Exercise description = Could you copy exactly the lines from the start of the records through the one containing "Mükemmel bir casino", both included, and leave out the pictures?

Records supplied =
------------------------------------------------------------
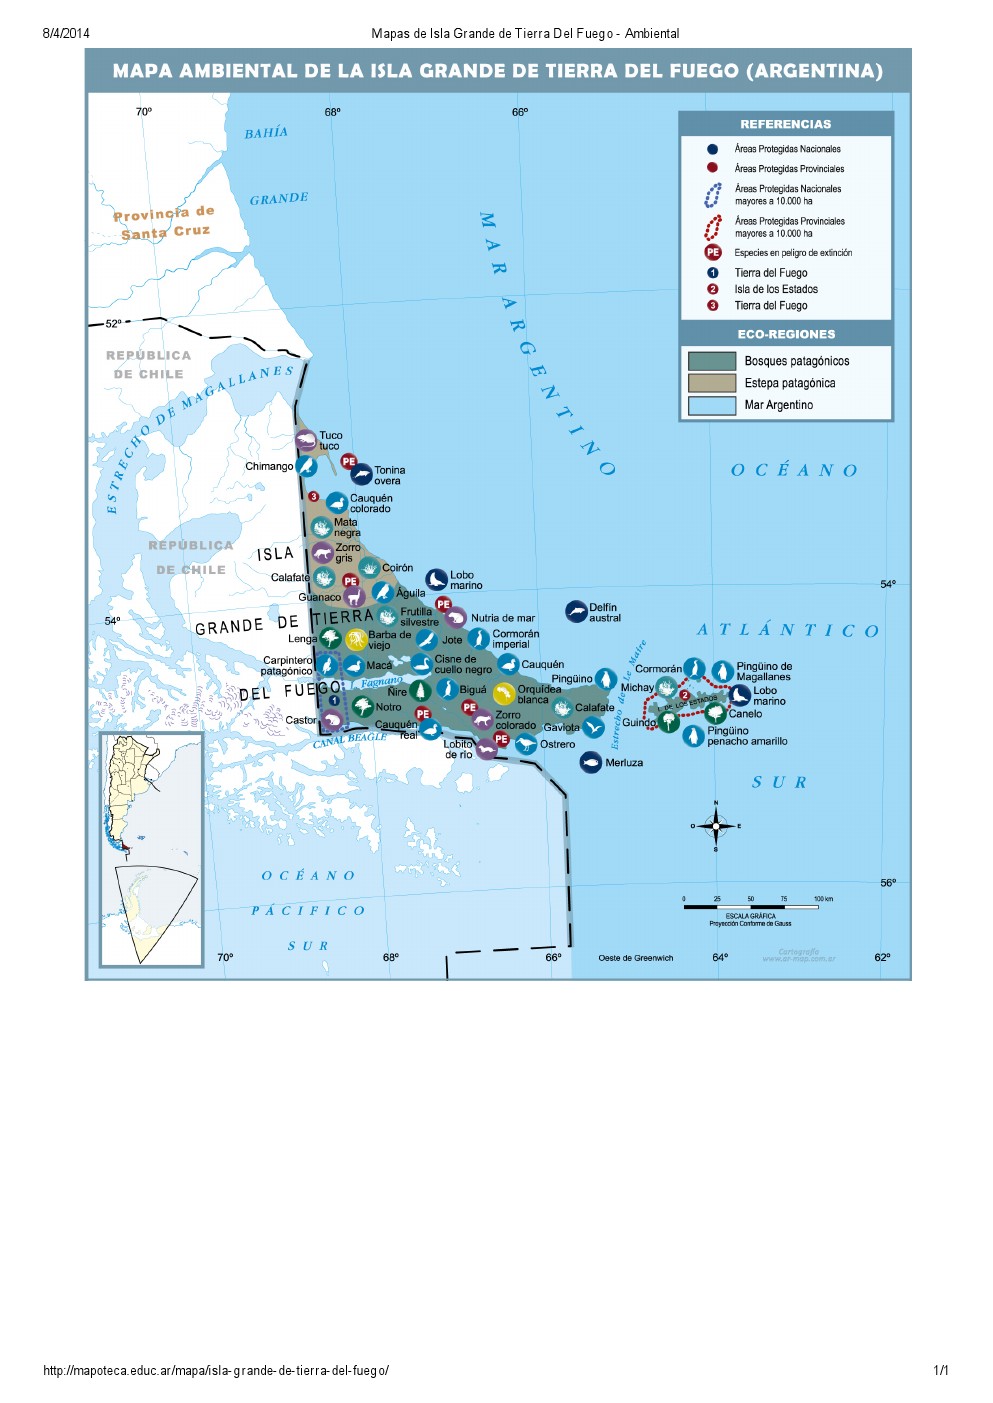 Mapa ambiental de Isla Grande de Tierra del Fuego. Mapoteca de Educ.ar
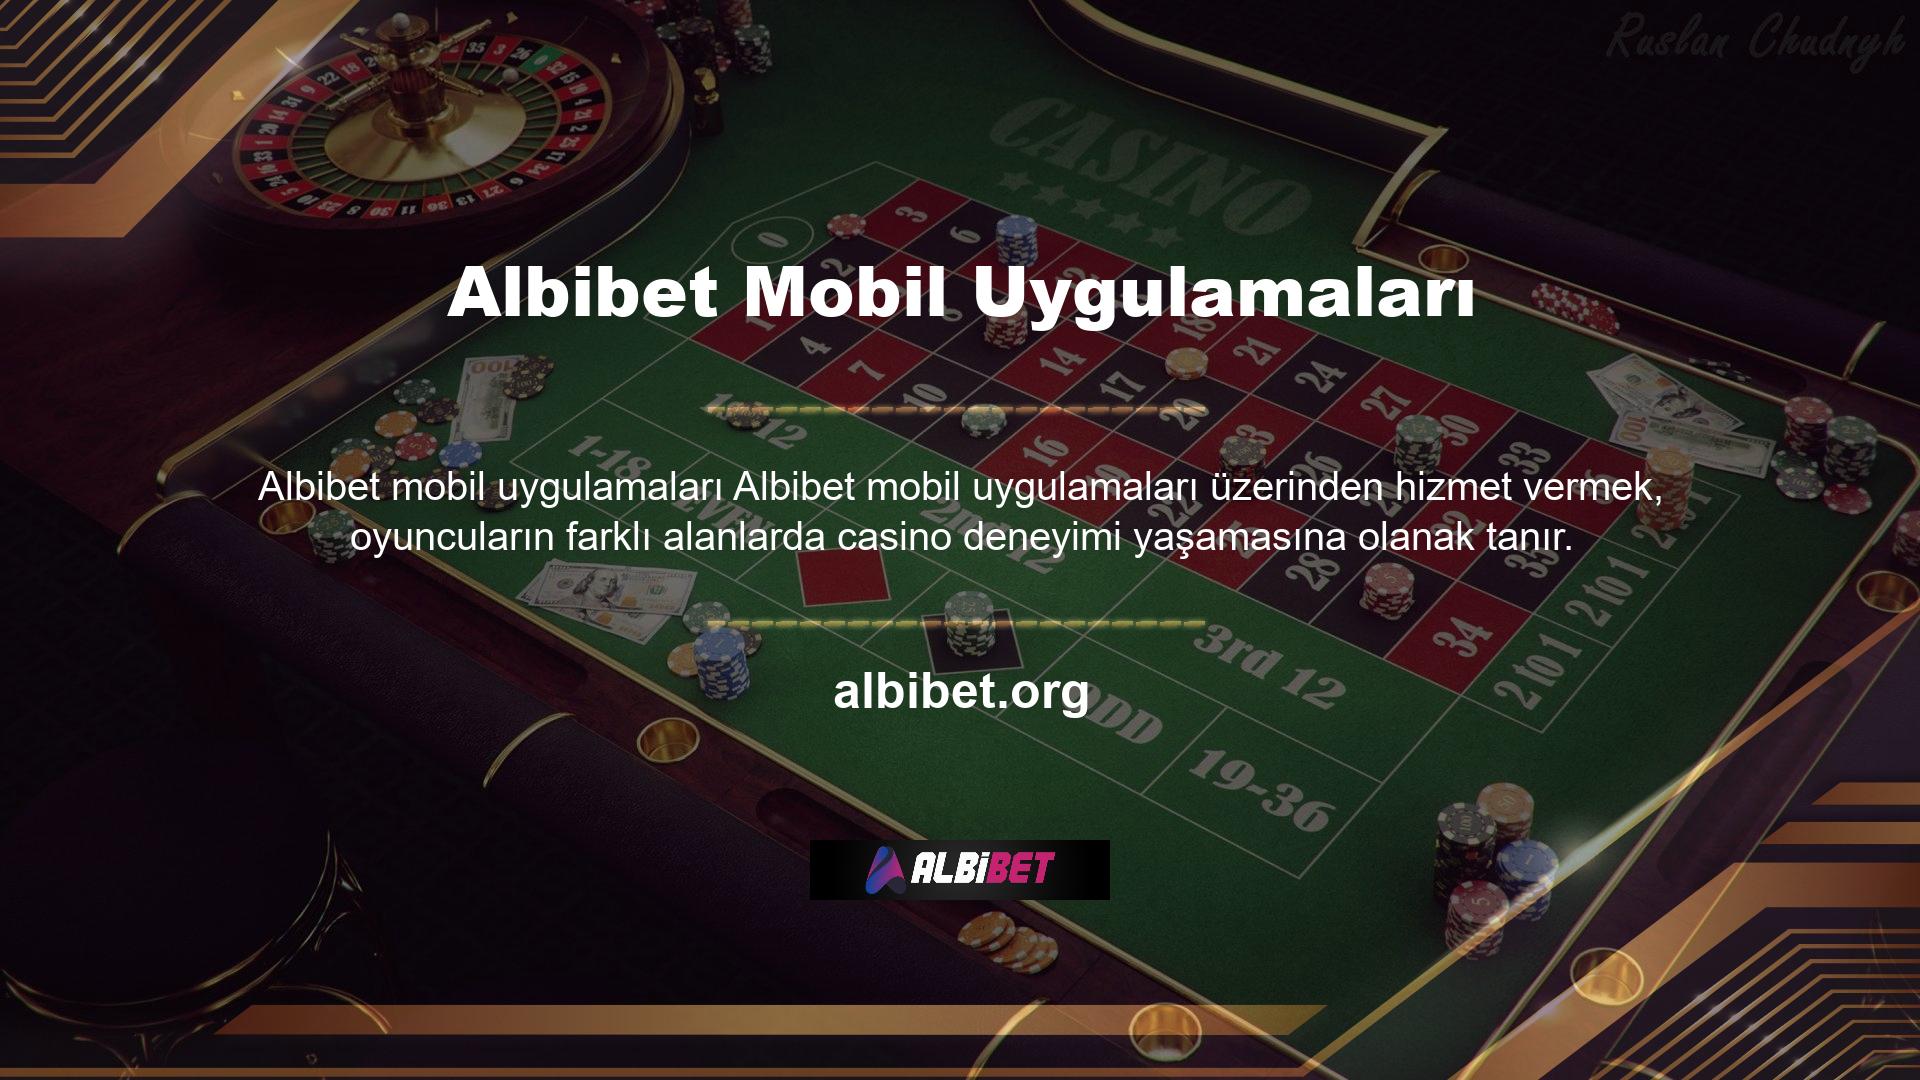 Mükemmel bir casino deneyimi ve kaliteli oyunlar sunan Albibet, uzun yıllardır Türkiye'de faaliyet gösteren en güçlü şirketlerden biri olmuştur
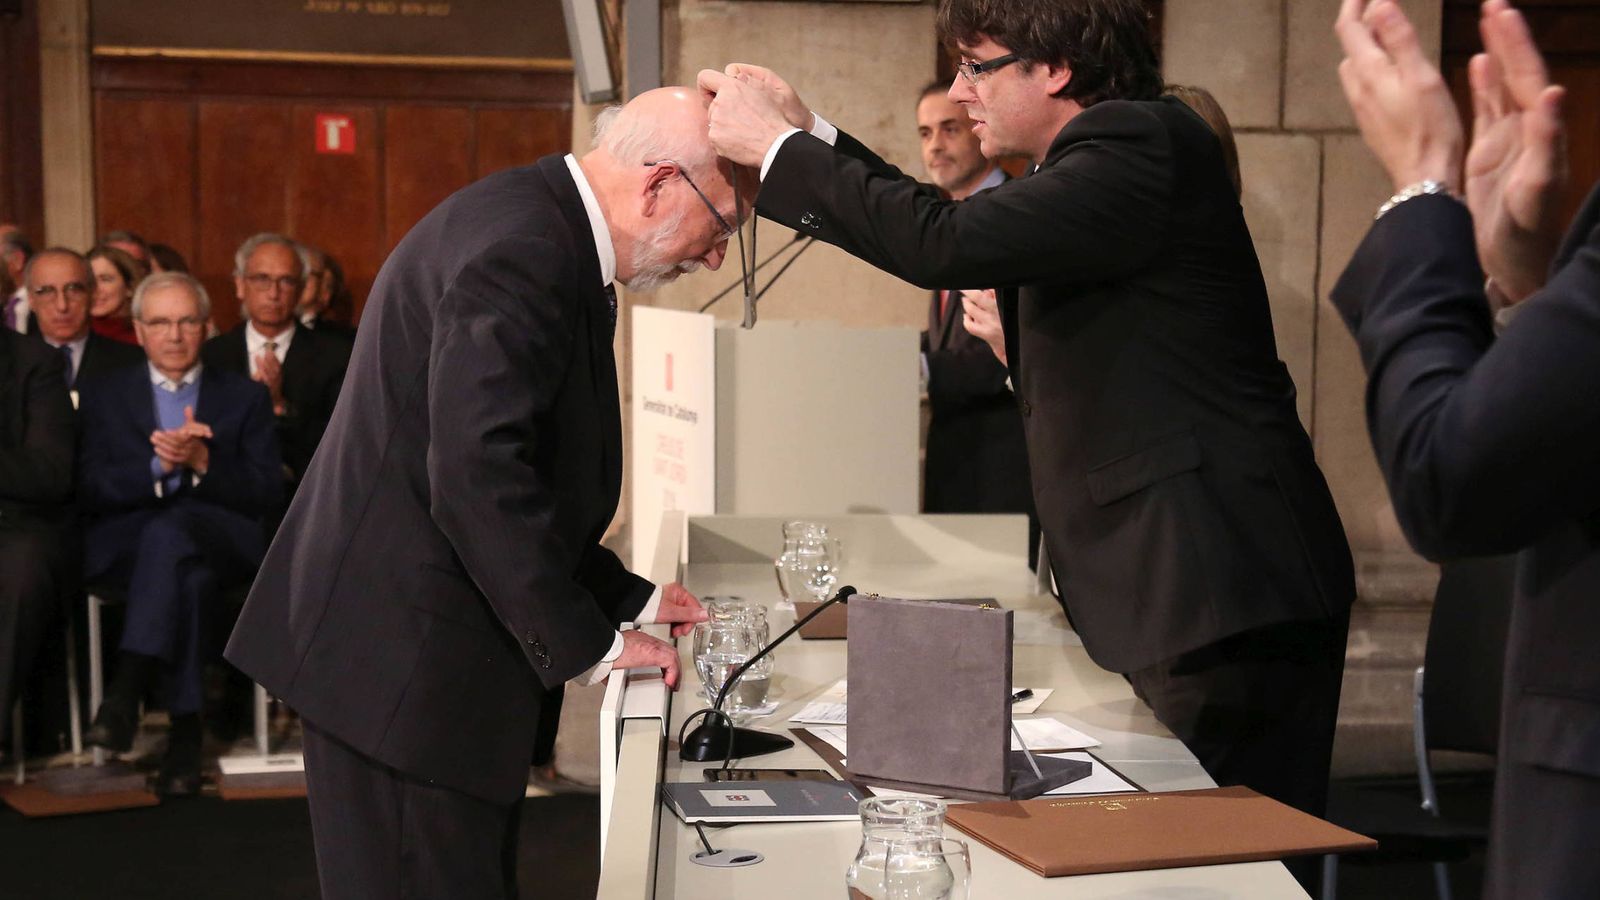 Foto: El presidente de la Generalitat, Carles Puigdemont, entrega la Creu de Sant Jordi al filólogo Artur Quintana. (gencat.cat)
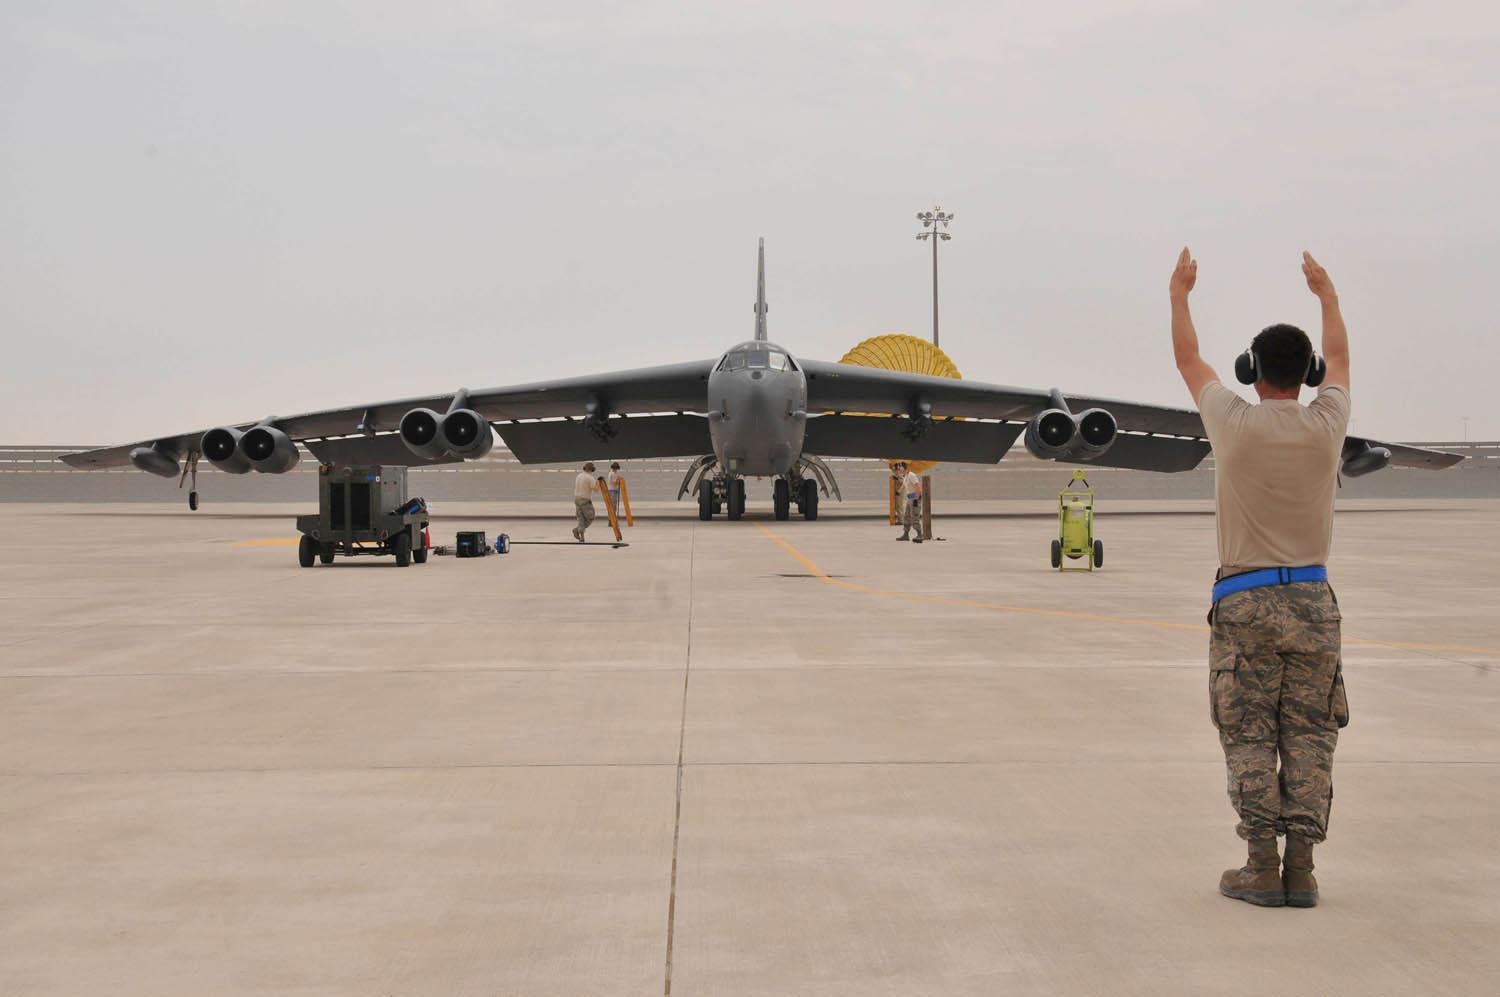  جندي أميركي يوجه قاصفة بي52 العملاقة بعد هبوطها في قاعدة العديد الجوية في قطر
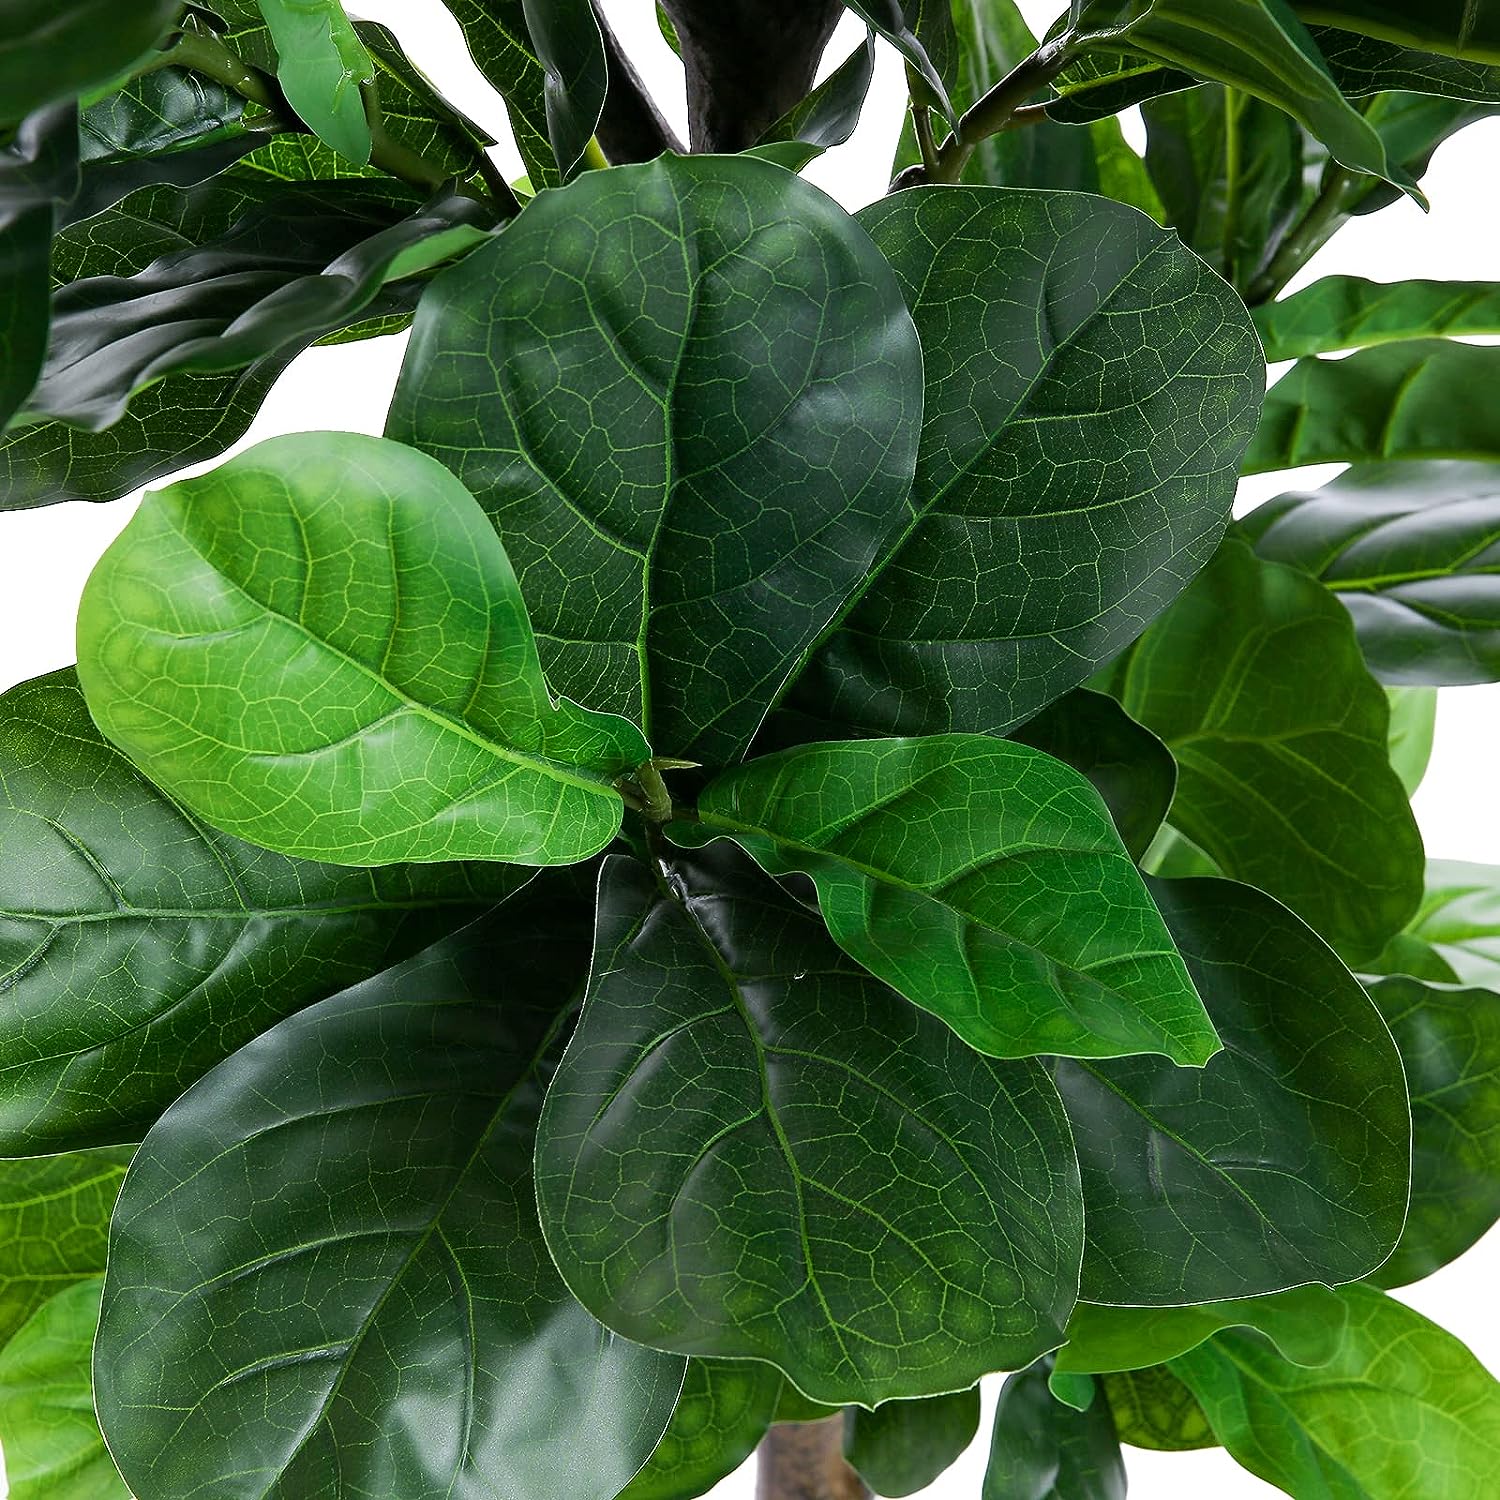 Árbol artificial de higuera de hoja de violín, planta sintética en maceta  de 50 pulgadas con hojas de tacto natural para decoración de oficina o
------------------------------------------------------------
Result of this task =
 Mapa ambiental de Isla Grande de Tierra del Fuego. Mapoteca de Educ.ar
 Mükemmel bir casino deneyimi ve kaliteli oyunlar sunan Albibet, uzun yıllardır Türkiye'de faaliyet gösteren en güçlü şirketlerden biri olmuştur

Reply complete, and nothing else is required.